Derrière ce titre amusant, la réalité est moins rose. En effet, la CNIL vient de mettre en demeure un gestionnaire de site français, car il utiliserait Google Analytics et, à ce titre, transfèrerait des données aux Etats-Unis de façon illégale.

Google Analytics et RGPD

Le RGPD, c’est le Réglement Général sur la Protection des Données personnelles qui est entré en vigueur en mai 2016 et applicable depuis mai 2018. C’est en quelque sorte une loi européenne qui permet de protéger les données personnelles de tous les européens. Depuis l’application de ce réglement, nous avons pu voir fleurir des pop-ups nous demandant notre accord pour l’utilisation de cookies sur différents sites (comme celui que vous lisez actuellement).

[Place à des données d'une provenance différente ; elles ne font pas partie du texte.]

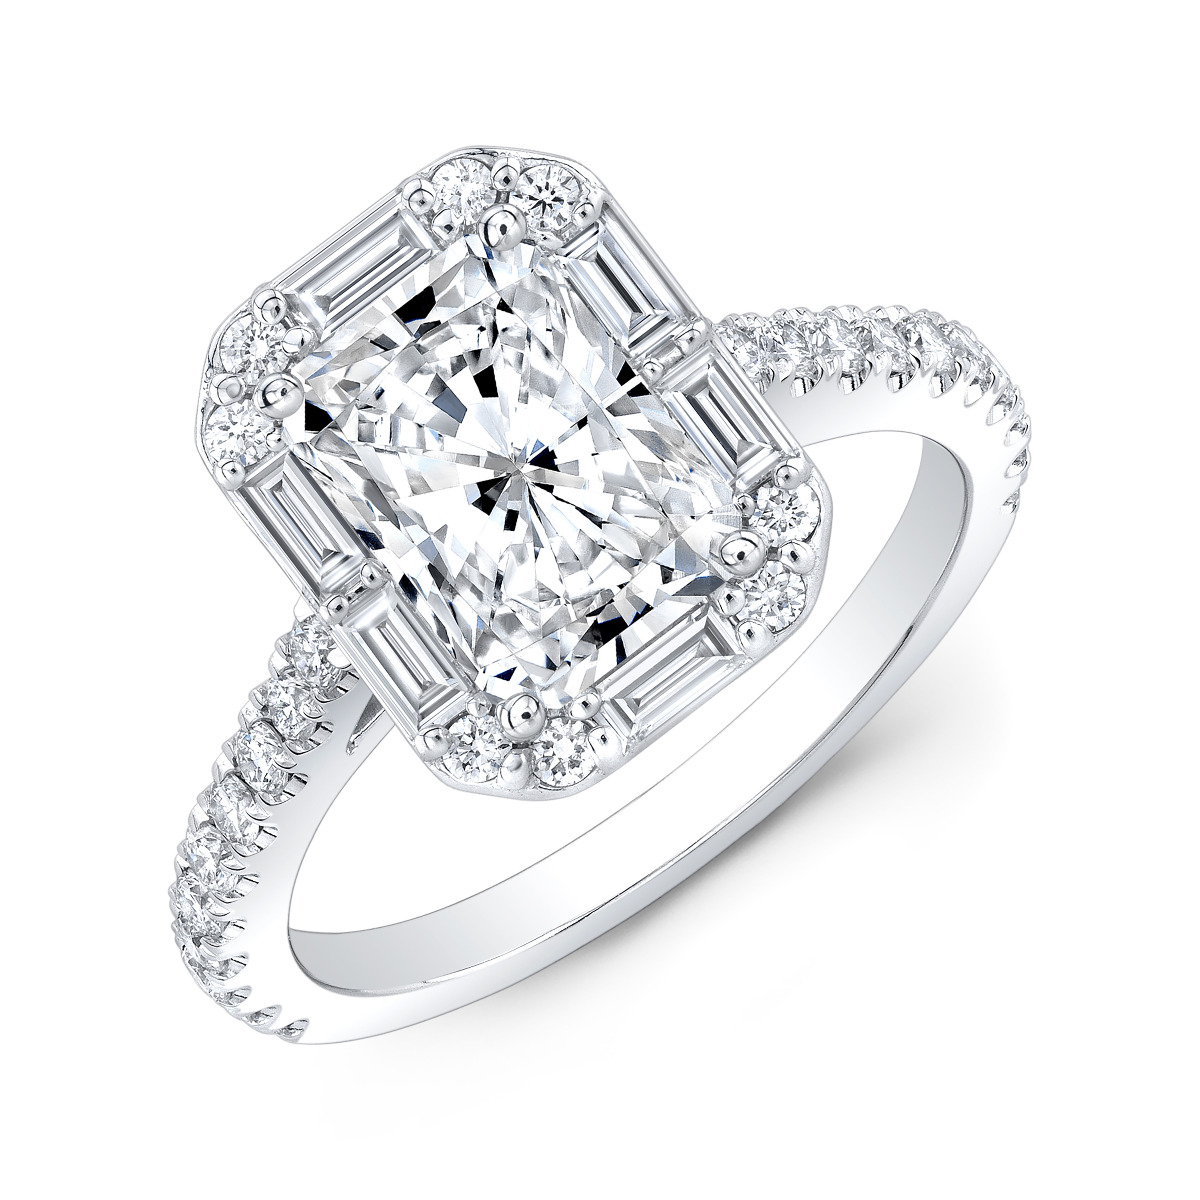 This engagement ring features stunning Baguette and Pave Diamonds on the halo setting.

En parallèle, Google Analytics est un service de Google qui permet de connaître l’audience sur un site, notamment l’origine géographique des visiteurs ou leur support (téléphone, ordinateur, tablette, …). Cet outil tombe sous le RGPD, puisque Analytics doit créer un cookie (qui est une donnée personnelle). Problème : Google est une entreprise américaine, et Analytics est très souvent installé sur des sites européens.

Et le transfert de données dans tout ça ?

L’entreprise californienne doit transférer toutes ces données sur le sol américain. Or, ce transfert est jugé comme illégal selon la CNIL. Cette dernière a « analysé les conditions dans lesquelles les données collectées dans le cadre de l’utilisation de Google Analytics étaient transférées vers les Etats-Unis et quels étaient les risques encourus pour les personnes concernées ».

En d’autres mots : la politique de gestion des données personnelles aux Etats-Unis semble trop légère pour la CNIL, notamment sur le transfert quasi automatique de celles-ci aux services de renseignements américains.

Que va-t-il se passer ?

Le gestionnaire de sites mis en demeure par la CNIL a un mois pour corriger l’utilisation de Google Analytics (comprendre : trouver une alternative qui ne transfère pas les données en dehors de l’Union Européenne). Mais en réalité, c’est Google qui est clairement dans le viseur du gendarme du net.

Google a donc deux choix : ne rien faire ou se mettre en conformité. Mais les victimes collatérales de ce bras de fer est tous les utilisateurs européens de Google Analytics. En effet, la CNIL pour rendre son utilisation illicite, et donc tous les sites internets européenns devraient trouver une alternative qui respecte le RGPD.